# My Home Made Poltergeist CLown



## hauntedbalcony (May 11, 2007)

Do you remember the evil Clown of the Horror Movie "Poltergeist" from Steven Spielberg?
Here comes a Clip of my Home Made Poltergeist Clown.

It was a hard work for me and i have work over 1 year on my Poltergeist Clown.
I hope you like the Clown. I must only made a new nose.


YouTube - My Home Made Poltergeist Clown


----------



## natascha (Jul 21, 2004)

Awesome Job!!


----------



## maleficent (May 20, 2007)

That's really good!!!


----------



## MorticiaAndGomez (May 7, 2007)

That is awesome! Normally even scary clowns don't scare me, but that one freaked me out years ago and it would still scare the mess out of quite a few people I know. Great job


----------



## noahbody (Sep 20, 2003)

Looks great!


----------



## brandywine1974 (Sep 10, 2005)

Man, I hate clowns. Great Job! That was one of those VERY memorable movie moments for me.


----------



## colmmoo (Jul 23, 2005)

OMG, it looks just like the actual one in the movie!!!! Good job!


----------



## Scare Shack (Oct 2, 2005)

I love clowns and I was just getting ready to go to bed here.......Think i'll wait on the bed part now. That came out great! good job


----------



## rockplayson (Jun 7, 2008)

That's scary.  Great job. How long did it take you to make it?


----------



## GDfreak (Jul 11, 2006)

I hate it. Which means you did a good job!


----------



## octoberist (Feb 8, 2007)

*Wonderful Evil Clown Doll*

That is a great prop. You've done an amazing job. 

Seeing the video of what you had done I felt compelled to go find a photo of the actual doll from the movie and compare the two. Very impressive indeed. You must be very proud.

I love Poltergeist. And the sequences with the clown doll are some of the scariest parts of the movie. I can still hear the tinkle of its bells. I think I once contemplated making a clown doll like that myself, but never got around to it. Congratulations on sweet work.

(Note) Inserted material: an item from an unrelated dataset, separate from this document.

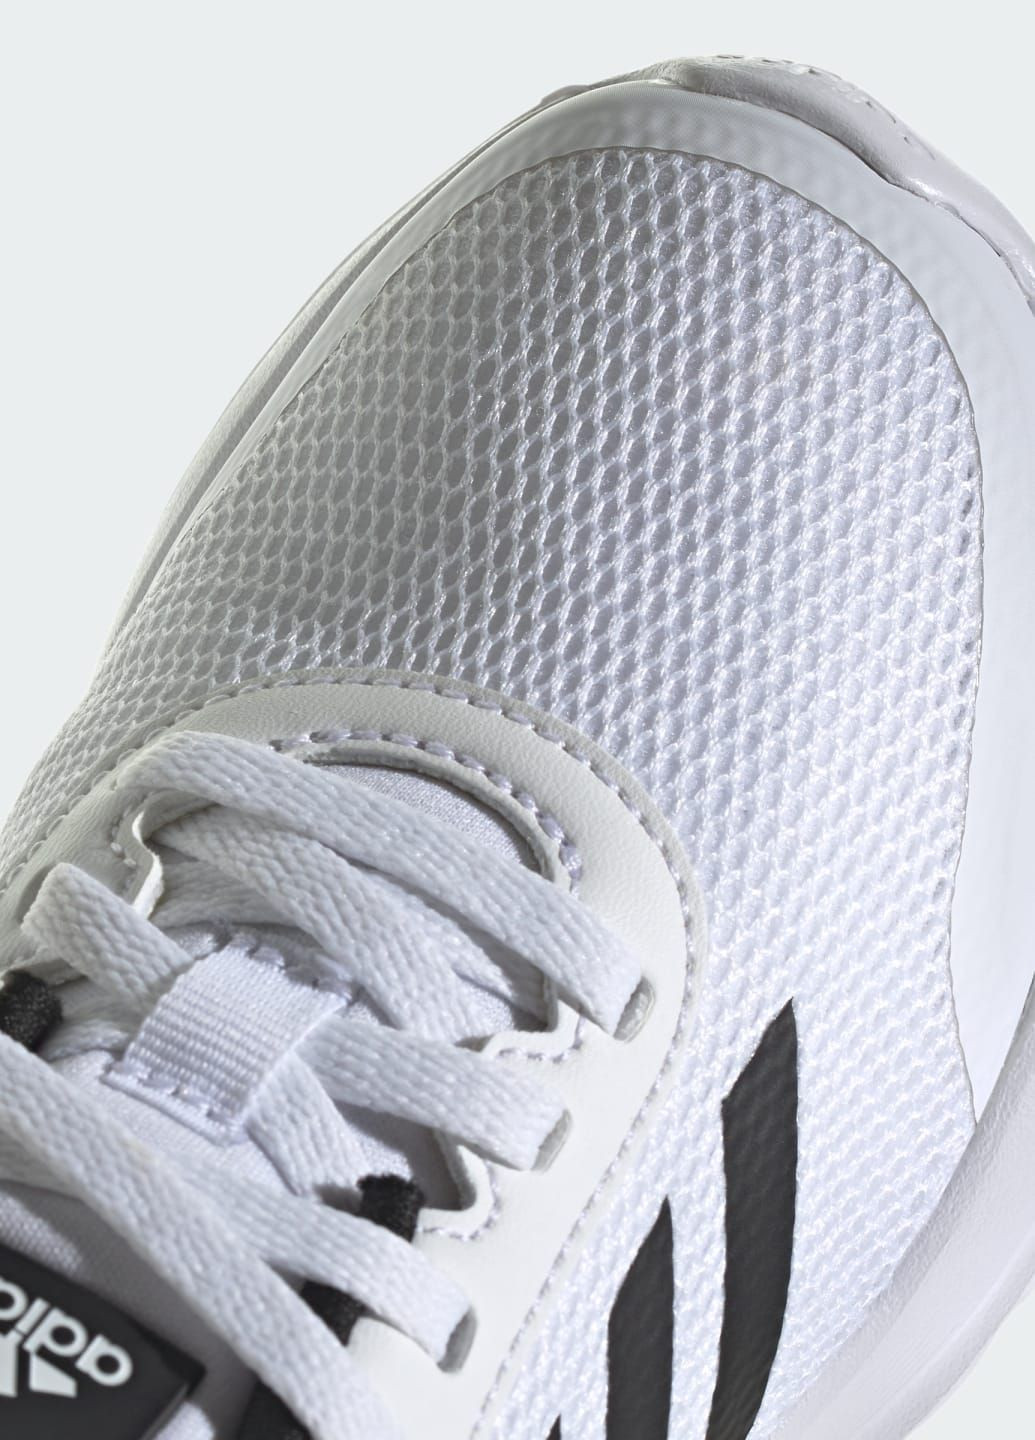 Білі всесезонні кросівки tensaur run adidas

Now you just need a Wookie jacket to toss over it.


----------



## Mistress of the Abyss (Sep 21, 2007)

I love that movie! You did a fantastic job!!


----------



## hauntedbalcony (May 11, 2007)

Thanks to all.
You make me so happy.
It was a hard work but im not a good dollmaker
It was my dream too have the Poltergeist Clown.
The original Clown from Poltergeist was made by the dollmaker Annette Little. She made in 1982 5 Clown dolls for the "Poltergeist" Movie. Some of this Clowns you can find in Planet Hollywood in the display. I have many pictures here of the original Clown Prop used in the "Poltergeist" Movie and too the pictures of the 2 Clowns that you can find in Planet Hollywood.


----------



## Lady of Chamberwell Manor (Oct 16, 2006)

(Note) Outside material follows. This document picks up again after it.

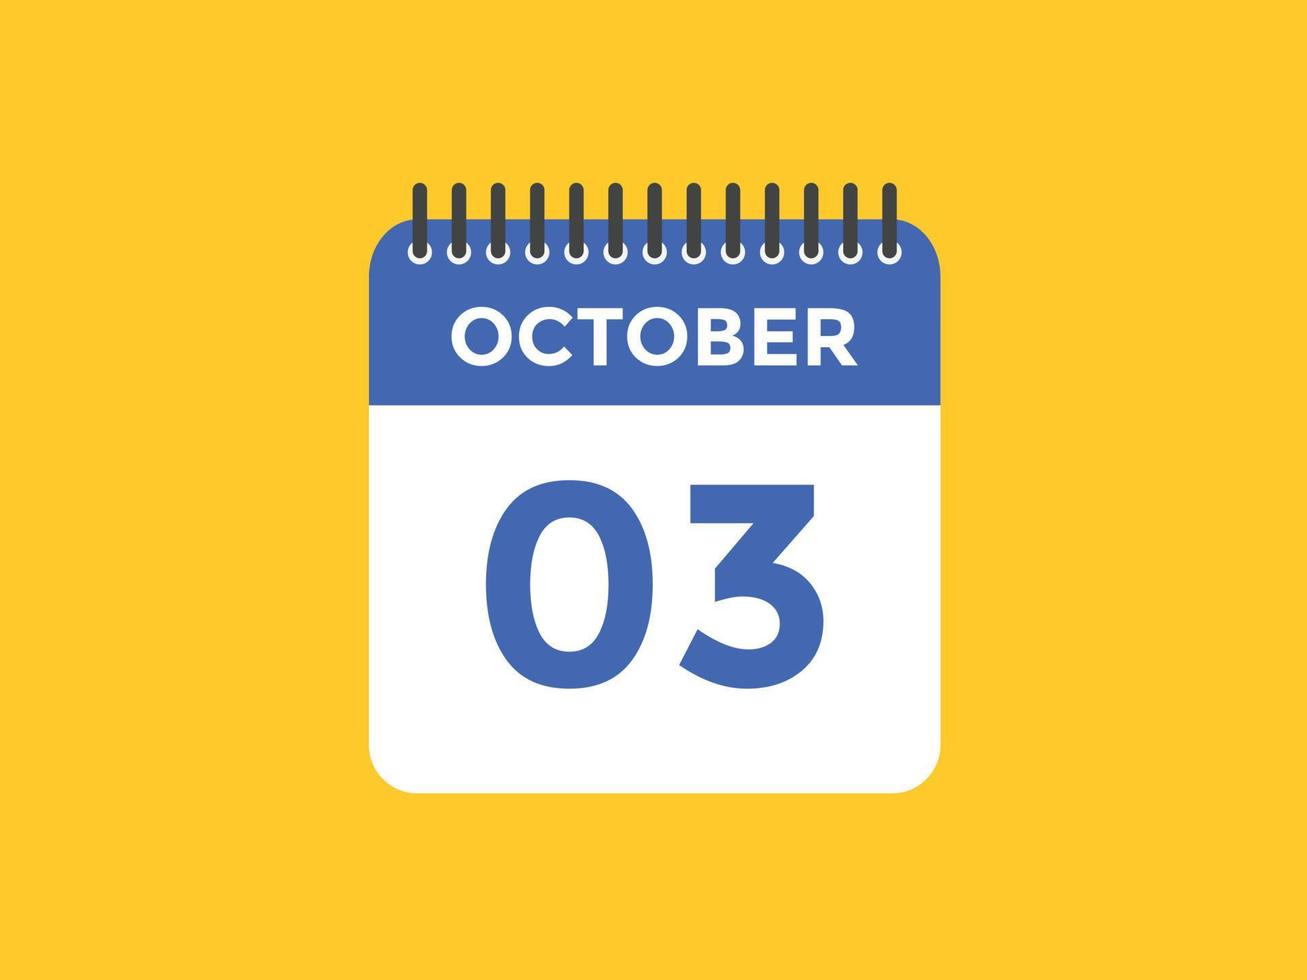 ottobre 3 calendario promemoria. 3 ° ottobre quotidiano calendario icona modello. calendario 3 ° ottobre icona design modello. vettore illustrazione

You did a great job! Thanks for the reminder of where my fear of clowns originated...ooooh that's so creepy!


----------



## Ghoul Friday (Jul 20, 2008)

lol you know you've done a good job when just watching the slow pan up it's legs makes me squirm in my chair and say "Oooo..god, it DOES look like it".

Yeah, throw me in a haunt with people dressed like psycho clowns and I'm ok. Put me in a room with clown dolls - especially ones that remind me of that scene - and forget it.

I once went to a doll museum in the UK. When you entered one section, it was just a long hall with floor to ceiling glass on either side and hundreds of antique dolls and clowns packed together staring into the middle at you. *shudder*


----------



## topak (Aug 4, 2008)

*poltergeist clown*

gee, i want also a clown in Boston!


----------



## Dark lord (Jan 8, 2007)

Saw someone on EBay selling 2 different versions like yours of that clown, The 1st reg smile & the 2nd with the most evilest smile, only $2K each...... 
Yours came out great !!


----------



## hauntedbalcony (May 11, 2007)

Thanks.
Here comes pictures of my Home Made Poltergeist Clown, the Clown head from the Ghosthouse Movie and my Jigsaw doll. I hope you like my works.

You can write me at the Mail:

[email protected]


----------



## octoberist (Feb 8, 2007)

*Make Them Fight!*



hauntedbalcony said:


> Here comes pictures of my Home Made Poltergeist Clown, the Clown head from the Ghosthouse Movie and my Jigsaw doll. I hope you like my works.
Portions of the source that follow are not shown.